Renal Dysfunction Predicts Major Adverse Cardiovascular Events in Black and Latino Patients Who have Atrial Fibrillation

Author(s): Muhammad Zeeshan, Erik B. Lehman, Gerald V. Naccarelli, Tariq Ali Ahmad, Raji Ayinla, Sudhanshu Bhatnagar

Background: Atrial Fibrillation (AF) is present in over 6 million Americans. However, AF occurs less commonly in African Americans and Latinos compared to Caucasians. Major adverse cardiovascular events (MACE) is the leading cause of death in these populations. Hypothesis: We theorize that glomerular filtration rates (GFR) is an independent risk factor for MACE in African Americans and Latinos with non-valvular AF (NVAF).
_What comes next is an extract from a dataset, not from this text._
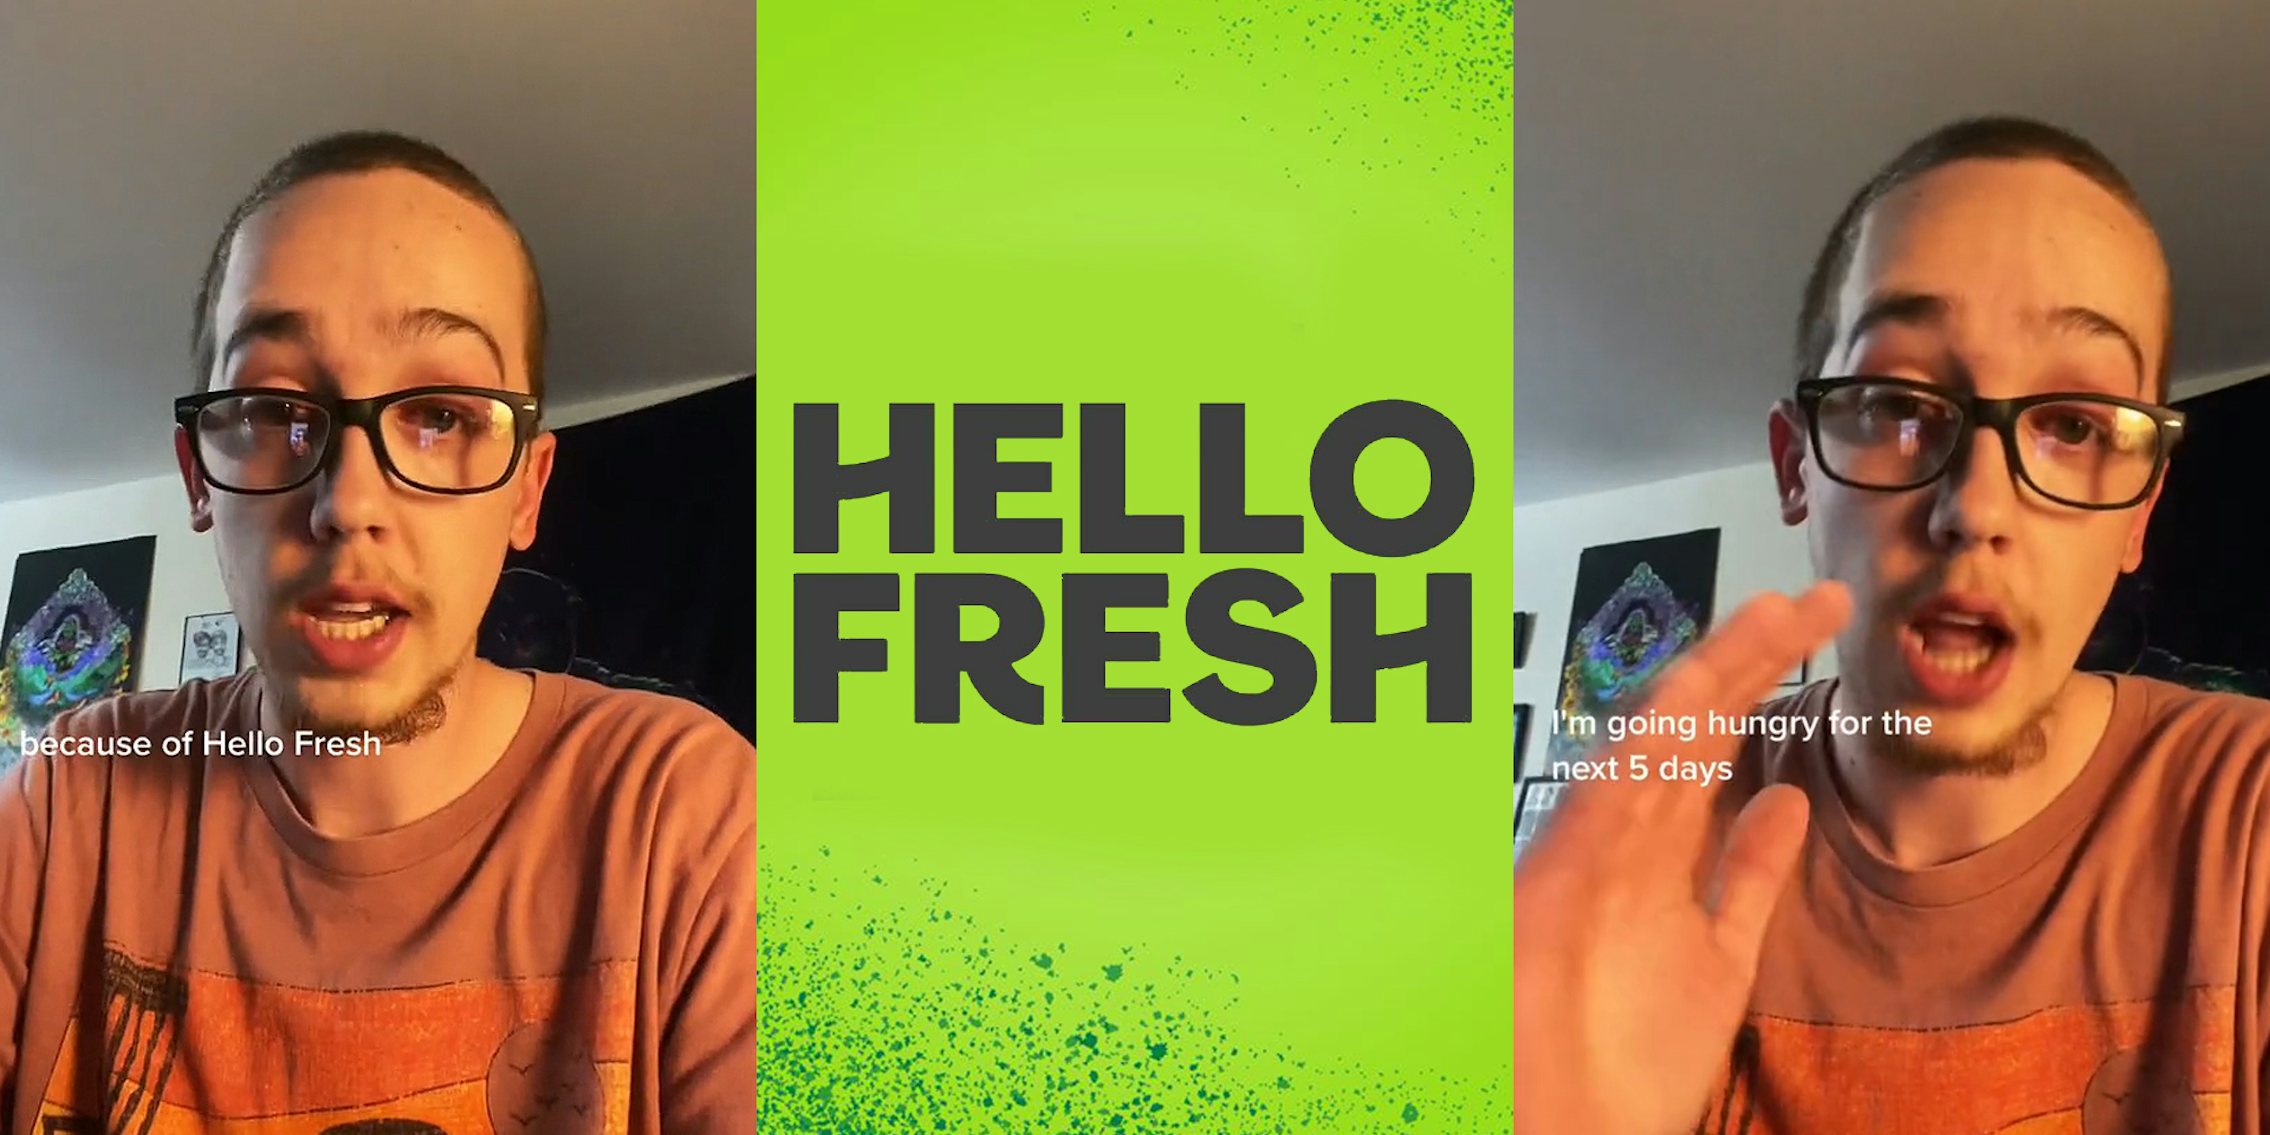 man speaking in front of black curtain and white wall caption 'because of Hello Fresh' (l) Hello Fresh logo on green background (c) man speaking with hand up in front of black curtain and white wall caption 'I'm going hungry for the next 5 days' (r)

Methods: The association of reduced GFR with MACE in NVAF patients was investigated by retrospective chart review. 656 patients were included: 339 with GFR <60 and 317 with GFR ≥60. A Chi-square test, two-sample t-test, or Wilcoxon Rank Sum test was used to test for differences between the two groups in terms of demographic variables and other risk factors. The association between GFR groups and myocardial infarction (MI), stroke, and/or death, was tested using binomial logistic regression. To incorporate the element of time and adjust for covariates, a Cox proportional hazards model analysis was applied for each outcome variable.

Results: As compared to GFR ≥60, a GFR <60 in NVAF was an independent risk factor for MI (HR 1.88 (1.17, 3.04); p=0.009); death (HR 1.63 (1.11, 2.41); p=0.014) and MI, stroke or death ((HR 1.37 (1.05, 1.78); p=0.018). GFR <60 was not an independent risk factor for stroke (HR 1.13 (0.77, 1.65); p=0.529).

Conclusion: Renal dysfunction in patients with NVAF is an independent risk factor for MI, death in and composite of MI, stroke and death in African American and Latino populations.